The global forecast for the Asian markets is upbeat on renewed expectations for fiscal stimulus. The European and U.S. markets were sharply higher and the Asian bourses are tipped to open in similar fashion.
The SCI finished modestly higher on Friday following gains from the financial shares and insurance companies.
For the day, the index added 8.02 points or 0.28 percent to finish at 2,823.82 after trading between 2,811.80 and 2,840.32. The Shenzhen Composite Index rose 8.41 points or 0.55 percent to end at 1,525.48.
Among the actives, Industrial and Commercial Bank of China skidded 1.08 percent, while Bank of China shed 0.28 percent, China Construction Bank dipped 0.14 percent, China Merchants Bank collected 0.83 percent, China Life Insurance added 0.75 percent, Ping An Insurance climbed 1.33 percent, China Shenhua Energy rose 0.22 percent, Poly Developments sank 0.72 percent, China Vanke slid 0.23 percent, CITIC Securities gained 0.61 percent and Gemdale, PetroChina and China Petroleum and Chemical (Sinopec) were unchanged.
The lead from Wall Street is broadly positive as stocks opened higher on Friday and the gains accelerated as the day progressed.
The Dow added 306.61 points or 1.20 percent to 25,886.01, while the NASDAQ jumped 129.37 points or 1.67 percent to 7,895.99 and the S&P 500 rose 41.08 points or 1.44 percent to 2,888.68. For the week, the Dow shed 1.5 percent, the NASDAQ lost 0.8 percent and the S&P fell 1 percent.
The rally on Wall Street reflected optimism about the world's central banks providing stimulus in order to prevent a global recession.
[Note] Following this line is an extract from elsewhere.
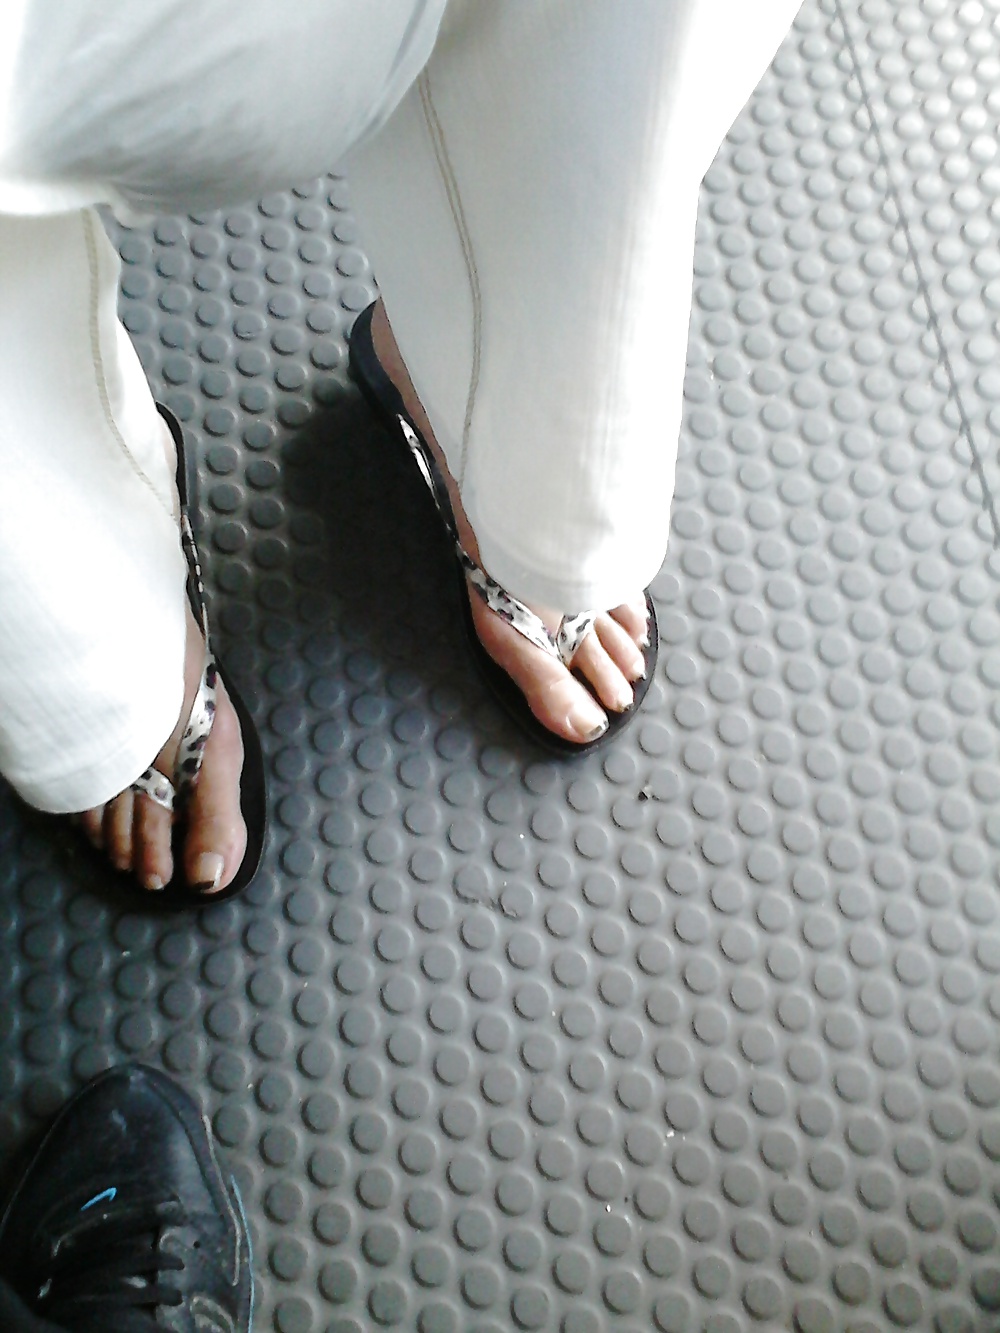 Feet in bus #22497965

European Central Bank official Olli Rehn expressed the need for significant easing in September to support the flagging eurozone economy, spurring investors.
The expectations for more stimulus fueled a pullback by U.S. treasuries and a subsequent increase in bond yields. The yield on the benchmark ten-year note had dropped below the two-year yield on Wednesday, sparking fears of an impending recession and a sell-off on Wall Street.
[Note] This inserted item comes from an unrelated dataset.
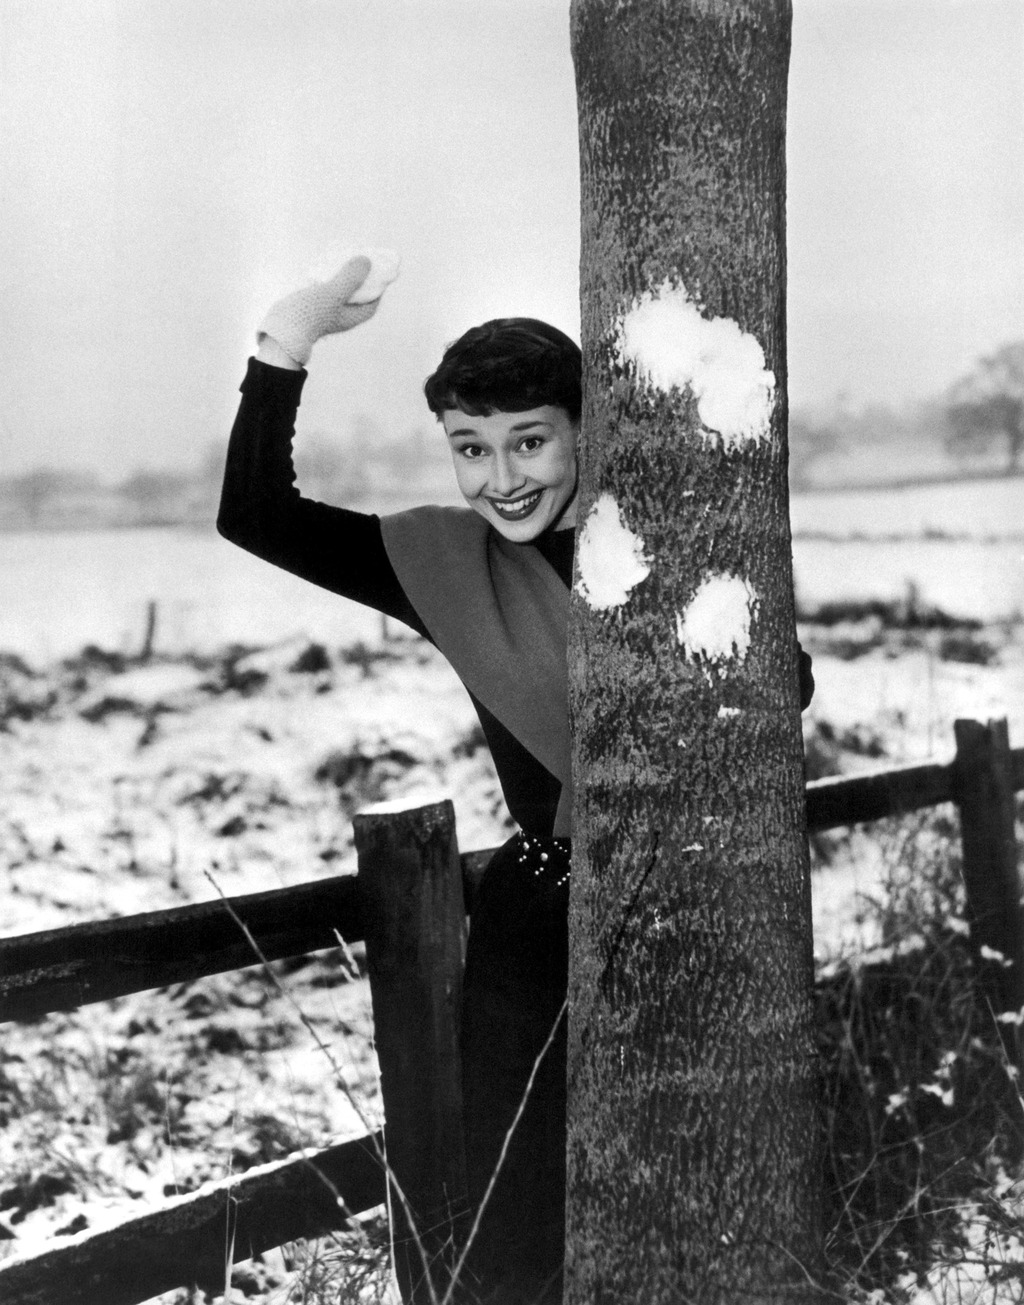 赫本搞怪照片,藏在大树后面扔雪球,太可爱了!

In economic news, the University of Michigan noted a significant deterioration in U.S. consumer sentiment in August. Also, the Commerce Department reported an unexpected slump in housing starts in July but a sharper than expected increase in building permits.
Crude oil futures settled higher Friday as recession fears faded amid hopes global central banks will announce further stimulus to revive economic growth. West Texas Intermediate Crude oil futures for September ended up $0.40 or 0.7 percent at $54.87 a barrel.